Poetic but evasive. Lotta fancy talk and tap-dancing, but that doesn't engage at the personal level. Can see why you're not for sweda. People who identify with the infinite get cut down to size pretty quickly. ; )

Anonymous said...

Or is that just what you tell yourself? ;) I'd be interested to know how many people actually agree with that, especially among those who get 'cut down to size'. And it's not that I identify with the infinite, it is that the infinite tears identity away, exposing even tribes and collectives as false ego shells (even, or possibly especially, when they think otherwise). And as for as being 'cut down to size', if it all resembles you calling something evasive fancy talk and tap dancing that doesn't connect on a personal level, then perhaps that is why :I am: not for SWEDA. Because everything you said in the post before mine can be seen also as poetic and fancy, not supposed to be taken personally, and everything you said after can also be seen as evasive! What you did there was first to exclude me, and then to exclude the infinite. I am not sure on what grounds you are doing this though.

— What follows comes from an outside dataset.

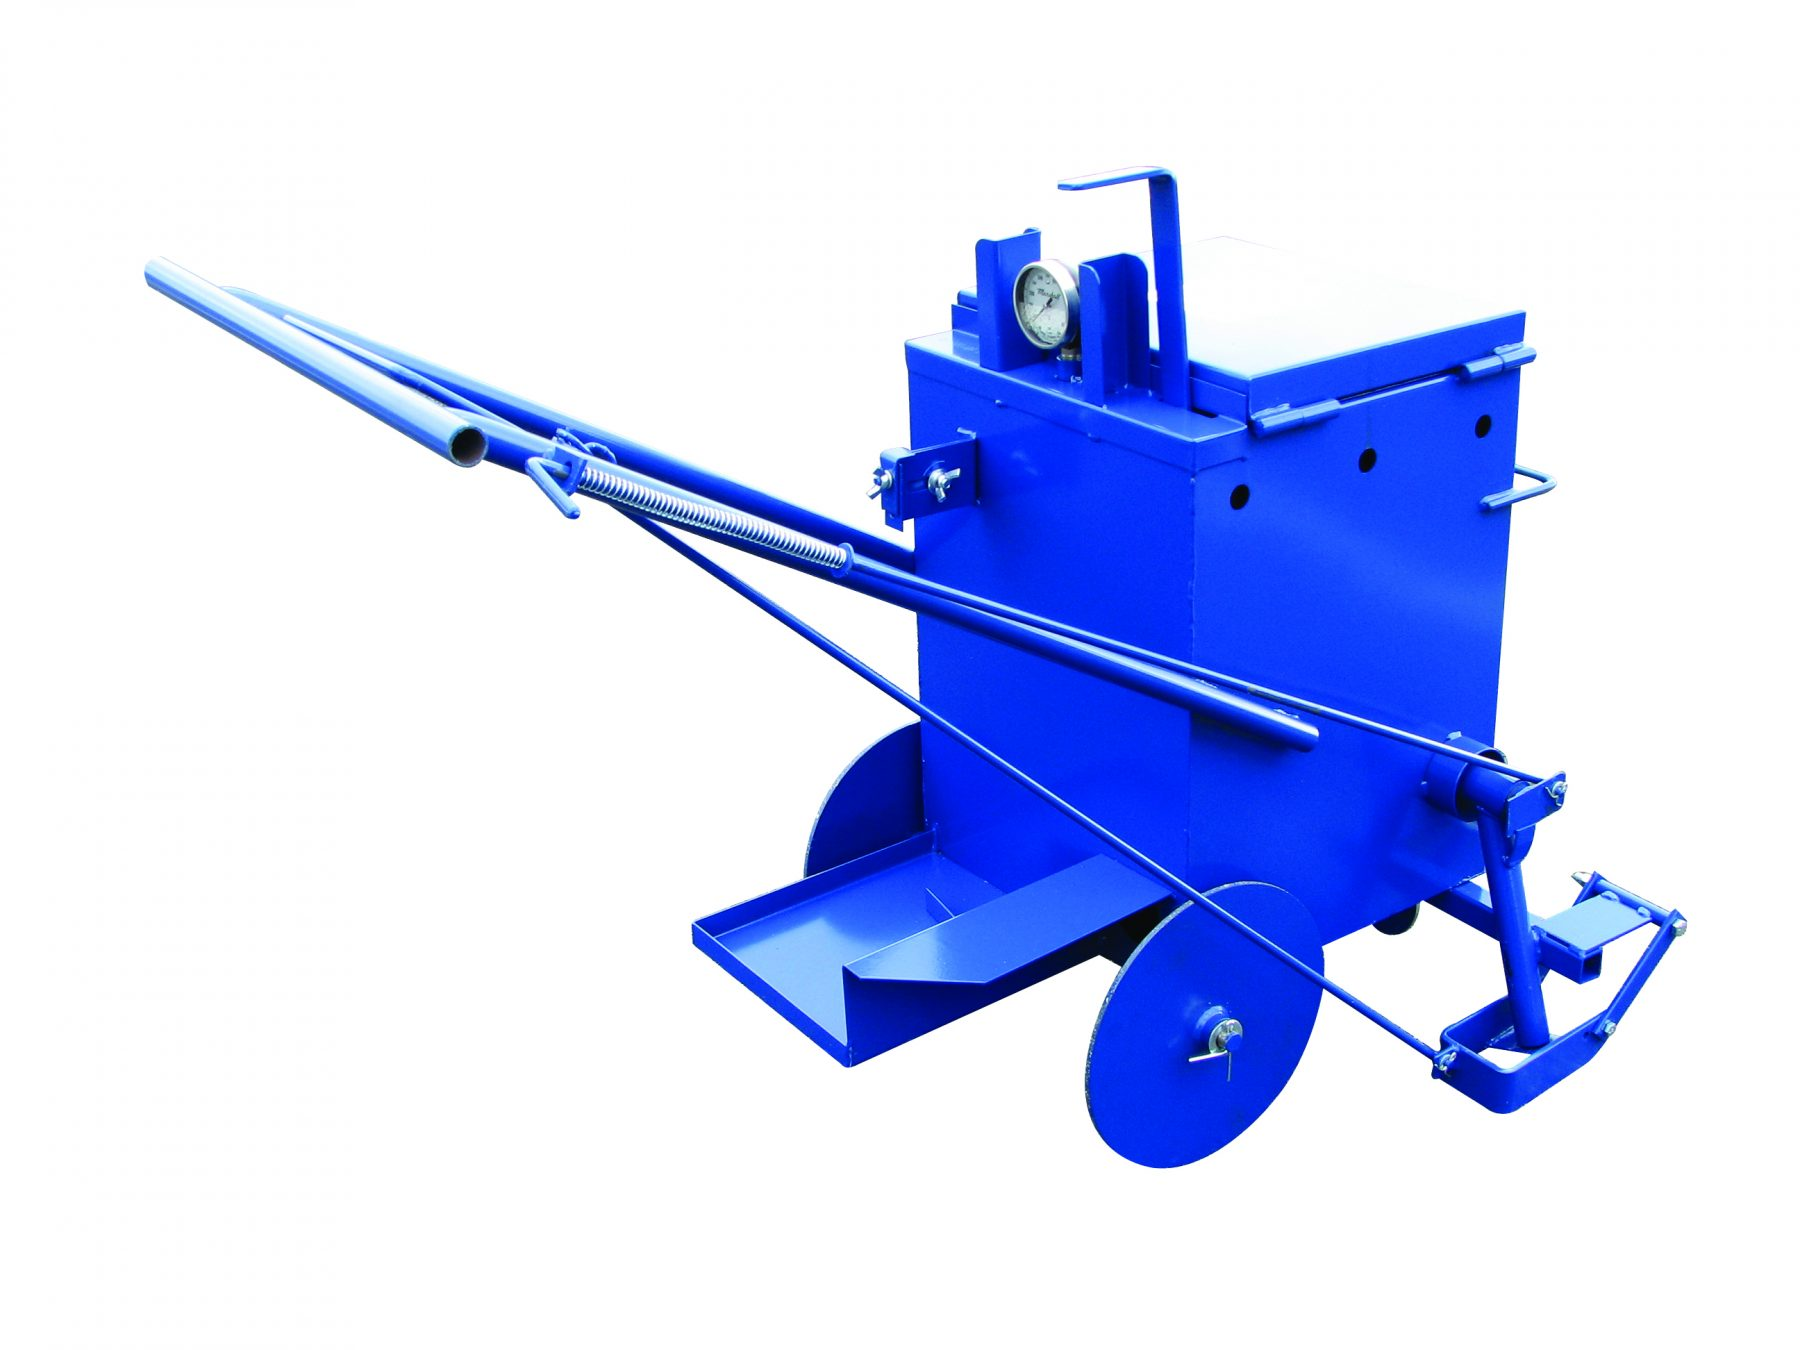 10 Gallon Wheeled Melter/Applicator

And lastly, I do not see this culture as propagating 'individualism over tribalism' in any real sense. Perhaps your perception is a remnant of your 'non-joiner' days? I see a superficial hint of this, but the trail dies once I pick up the scent of corporations, and to a slightly lesser extent governments, intent on fostering the tribalism you seem to think we lack. I'd just like to explore the idea further before settling.

Jasun said...

you sound defensive.

Anonymous said...

Or is that just what you tell yourself? I was attempting to explore further. I have nothing to prove, but would like to say that calling me defensive seems evasive! A pattern emerges...accuse someone of fancy talk and tap-dancing and when they respond, call them defensive! That's an effective method of deflecting any further open and intelligent discussion. I surrender. Perhaps I should just end this. You are superior to me and your way is better than mine! ;) All the best to you!

(I forgot to mention, I'm not the first anonymous, only the last two posts belong to me. Perhaps that is why you formed the idea that SWEDA isn't for me? You assumed I was the first anonymous? That would clarify things a bit. The first post I made was on 19 June.)